Л.ДРОБИЖЕВА: А мне кажется, как раз есть большая опасность в том, чтобы мы оценки, которые применимы к какому-то одному региону, конфликтному в прошлом, переносили на всю страну в целом. Потому что все люди живут в этом пространстве, и если они все время будут думать, что они живут в конфликтном обществе, им самим будет просто очень тяжело жить. А вот российская идентичность как раз говорит о том, что она действительно выросла. В 92-м году родилось государство, которого никто не хотел. Мы сейчас об этом забыли. Потому что никто не думал, что будет Россия, думали, что будет СНГ. Даже американцы не хотели этого государства, они боялись, что в этих новых государствах будет стратегическое ядерное оружие, и это представляет опасность повторения югославского пути. Поэтому родилось государство, которое на начальном этапе никто не представлял и не хотел, чтобы оно было. И тогда, когда мы проводили опросы в 90-е годы, даже в Москве где-то только 20% ощущало себя россиянами. 20% - представляете?! В центре, в столице государства! А сейчас мы имеем уверенные данные. Вот разные социологические центры, которым можно доверять, и европейские исследования, в которых мы участвуем, говорят о том, что больше 60% наверняка, до 70%, вот 2006 год – 65%, сейчас – 70%, люди отвечают, что они чувствуют солидарность с гражданами России. И это очень важная позиция. Это не просто с государством, а с гражданами России. То есть формируется вот это чувство гражданской общности. И в этом отношении региональные взаимодействия, региональные идентичности – встает вопрос, противоречат они или не противоречат этой государственной солидарности. И, судя по опросам, такого противоречия нигде не наблюдается. В конкретных случаях – может быть. Ну, например, высокая региональная идентичность в той же Чечне. Или в Осетии. Но в Осетии высокая и государственная идентичность. В Чечне пока государственная идентичность, по результатам исследований самих чеченских социологов, невысокая – 40-50%.

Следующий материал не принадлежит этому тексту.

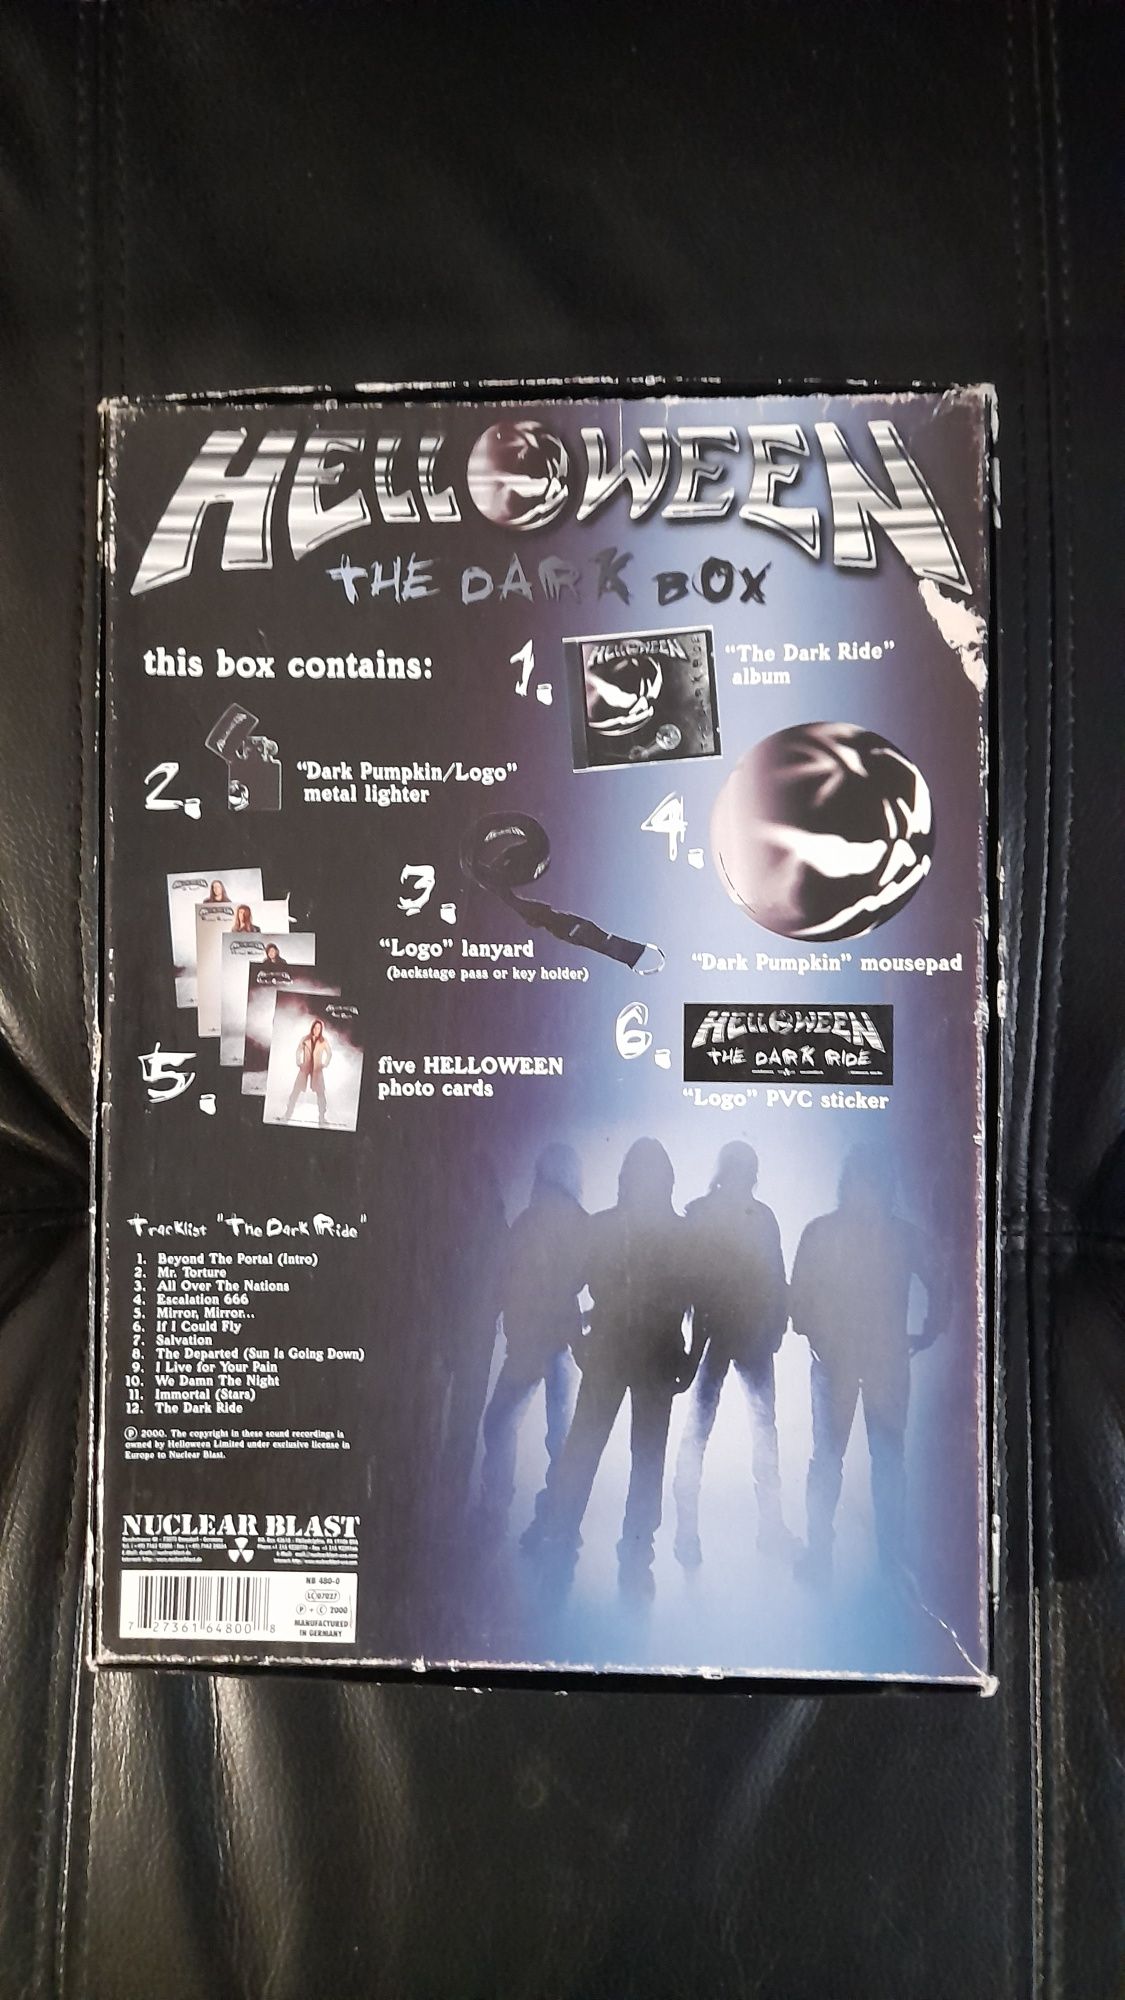 Cd Helloween The dark box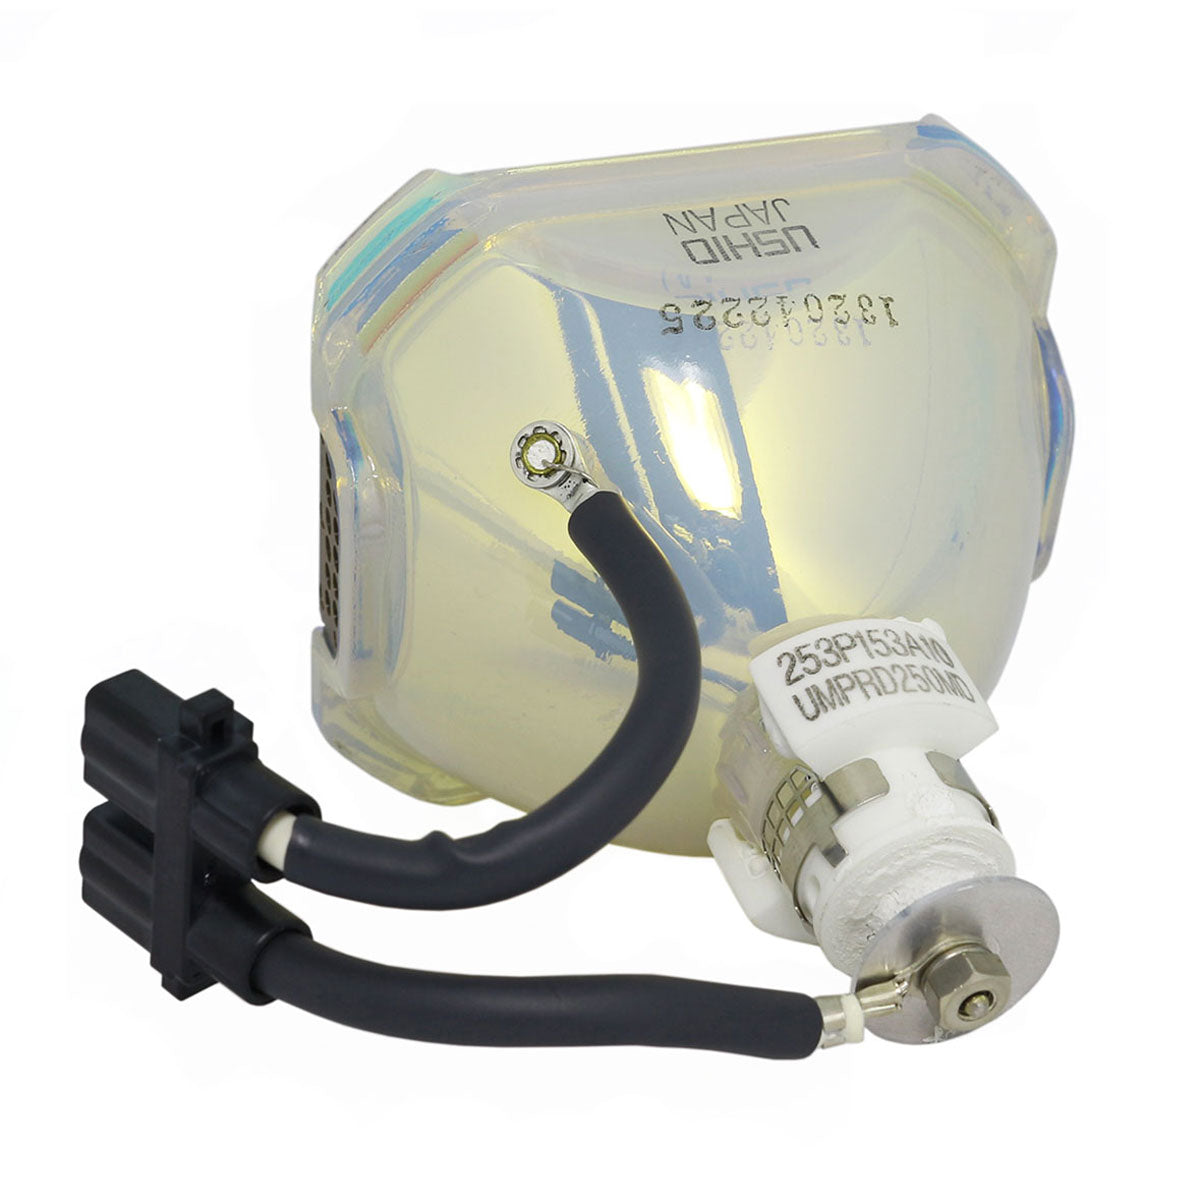 Dukane 456-9060 Ushio Projector Bare Lamp

О.БЫЧКОВА: Что значит «пока»? Она была когда-то выше, как мы понимаем.
Л.ДРОБИЖЕВА: Когда-то она была выше, но сейчас постконфликтная ситуация. Было много сделано.
О.БЫЧКОВА: Этот график идет вниз пока, если можно так говорить.
Л.ДРОБИЖЕВА: Нет, не вниз. Раньше вообще не было этого, они только чеченцами себя и идентифицировали. И чеченскую республику Ичкерию. А сейчас уже есть представление у этих людей, которые живут в Чечне, что они граждане России. Кто эти 40%? Это молодые люди, это люди, которые уже имеют профессию, работают в университете, работают на каких-то фирмах. Это новая генерация, которая и составит будущее, на которую, конечно, рассчитывает не просто правительство, не просто Рамзан Кадыров и не просто Владимир Владимирович Путин, а мы все заинтересованы в том, чтобы была эта общность, которая даст ядро будущей нормальной жизни.
А.ВЛАСОВ: Абсолютно точно. Потому что посмотрите, сколько ребят из Назрани, Махачкалы, Грозного учатся сейчас в московских вузах.
О.БЫЧКОВА: Сколько?
А.ВЛАСОВ: Точных данных нет, но по визуальному личному наблюдению, потому что ребята эти, кстати, все-таки держатся в основном в своей группе, поэтому они легко различимы. Я думаю, что на некоторых факультетах это составляет где-то порядка 10-15%.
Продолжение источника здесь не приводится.